Automating of Partitioning Athena Tables using Partition Projection
Athena Partition Projection, introduced in June 2020, enables automatic partitioning of Athena tables. Using this feature, MSCK REPAIR TABLE
query is no longer necessary to add new partitions.
Overview
Quoting from the official AWS documentation:
In partition projection, partition values and locations are calculated from configuration rather than read from a repository like the AWS Glue Data Catalog. 1
partition projection can reduce the runtime of queries against highly partitioned tables. 2
Partition projection allows Athena to avoid calling
GetPartitions
because the partition projection configuration gives Athena all of the necessary information to build the partitions itself. 3
Creating AWS Resources
Create a CloudFormation template with the following content.
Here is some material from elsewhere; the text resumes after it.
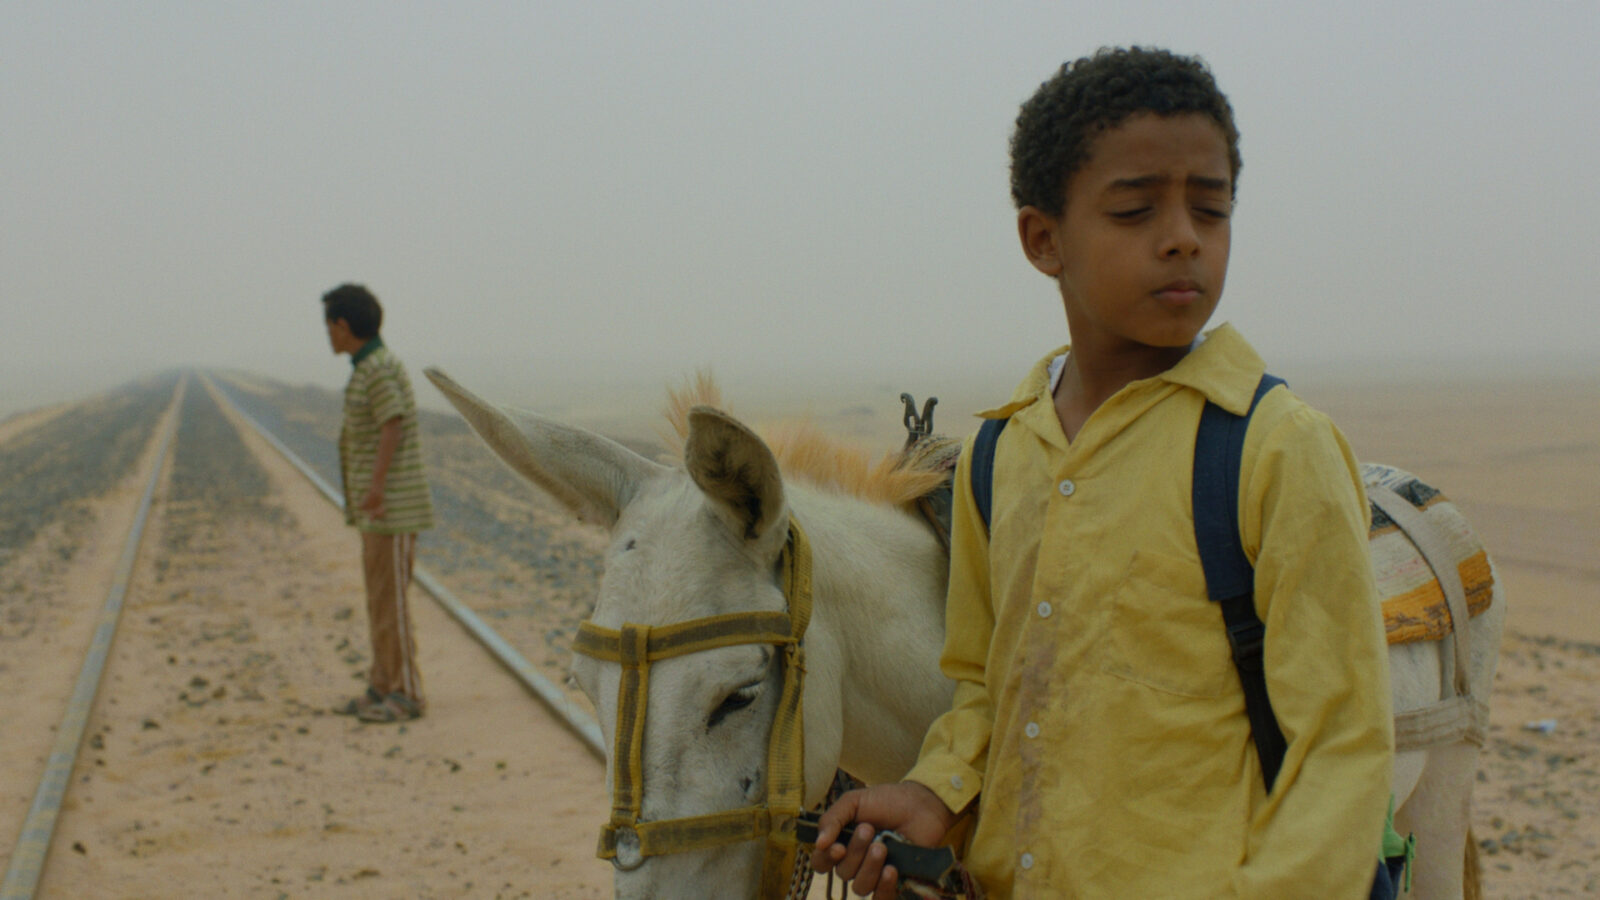 Filmstill aus dem Film Yomeddine. Im Vordergrund steht ein Junge mit einem Esel an der Hand auf einer Bahnschiene. Im Hintergrund steht eine Mann ebenfalls auf der Bahnschine, auf der viel Sand liegt.

The key point is GlueTable.TableInput.Parameters
of GlueTable
definition (lines 27-35).
projection.year_month.range
property is treated as UTC. If you intend to use a different timezone in your S3 object path, you need to specify the time difference using a format like NOW+9HOURS
. For more details, please refer to the official documentation.
AWSTemplateFormatVersion: "2010-09-09"
Description: Stack for Athena partition projection sample
Resources:
S3:
Type: AWS::S3::Bucket
Properties:
BucketName: athena-partition-projection-logs
BucketEncryption:
ServerSideEncryptionConfiguration:
- ServerSideEncryptionByDefault:
SSEAlgorithm: AES256
GlueDatabase:
Type: AWS::Glue::Database
Properties:
DatabaseInput:
Name: sample
CatalogId: !Ref AWS::AccountId
GlueTable:
Type: AWS::Glue::Table
Properties:
DatabaseName: !Ref GlueDatabase
CatalogId: !Ref AWS::AccountId
TableInput:
TableType: EXTERNAL_TABLE
Parameters:
classification: json
"projection.enabled": true
"projection.year_month.format": yyyy/MM
"projection.year_month.interval": 1
"projection.year_month.interval.unit": MONTHS
"projection.year_month.range": 2021/09,NOW
"projection.year_month.type": date
"storage.location.template": s3://athena-partition-projection-logs/${year_month}
StorageDescriptor:
Columns:
- Name: id
Type: int
- Name: message
Type: string
Location: !Sub s3://${S3}/
InputFormat: org.apache.hadoop.mapred.TextInputFormat
OutputFormat: org.apache.hadoop.hive.ql.io.HiveIgnoreKeyTextOutputFormat
Compressed: false
NumberOfBuckets: 0
SerdeInfo:
SerializationLibrary: org.openx.data.jsonserde.JsonSerDe
Parameters:
paths: id,message
StoredAsSubDirectories: false
PartitionKeys:
- Name: year_month
Type: string
Retention: 0
Name: sample_logs
Deploy the CloudFormation stack with the following command.
aws cloudformation deploy --template-file stack.yml --stack-name athena-partition-projection-sample
Testing
By running the following command, put objects containing the example JSON below.
$ echo '{"id": 1, "message": "hello"}' > 2021-09.json
$ echo '{"id": 2, "message": "world"}' > 2021-10.json
$ aws s3 cp 2021-09.json s3://athena-partition-projection-logs/2021/09/
$ aws s3 cp 2021-10.json s3://athena-partition-projection-logs/2021/10/
$ aws s3 ls s3://athena-partition-projection-logs/2021/
PRE 09/
PRE 10/
Let’s query the data in the 2021/09
partition.
SELECT * FROM "sample"."sample_logs"
WHERE year_month = '2021/09'
LIMIT 10;
Result:
1 hello 2021/09
Next, let’s query the data in the 2021/10
partition.
SELECT * FROM "sample"."sample_logs"
WHERE year_month = '2021/10'
LIMIT 10;
Result:
2 world 2021/10
Cleaning Up
Clean up the provisioned AWS resources with the following command.
aws s3 rm --recursive s3://athena-partition-projection-logs
aws cloudformation delete-stack --stack-name athena-partition-projection-sample
Conclusion
Athena Partition Projection can avoid AWS users from managing partitions, which enables us to focus more on important parts of our applications.
I hope you will find this post useful.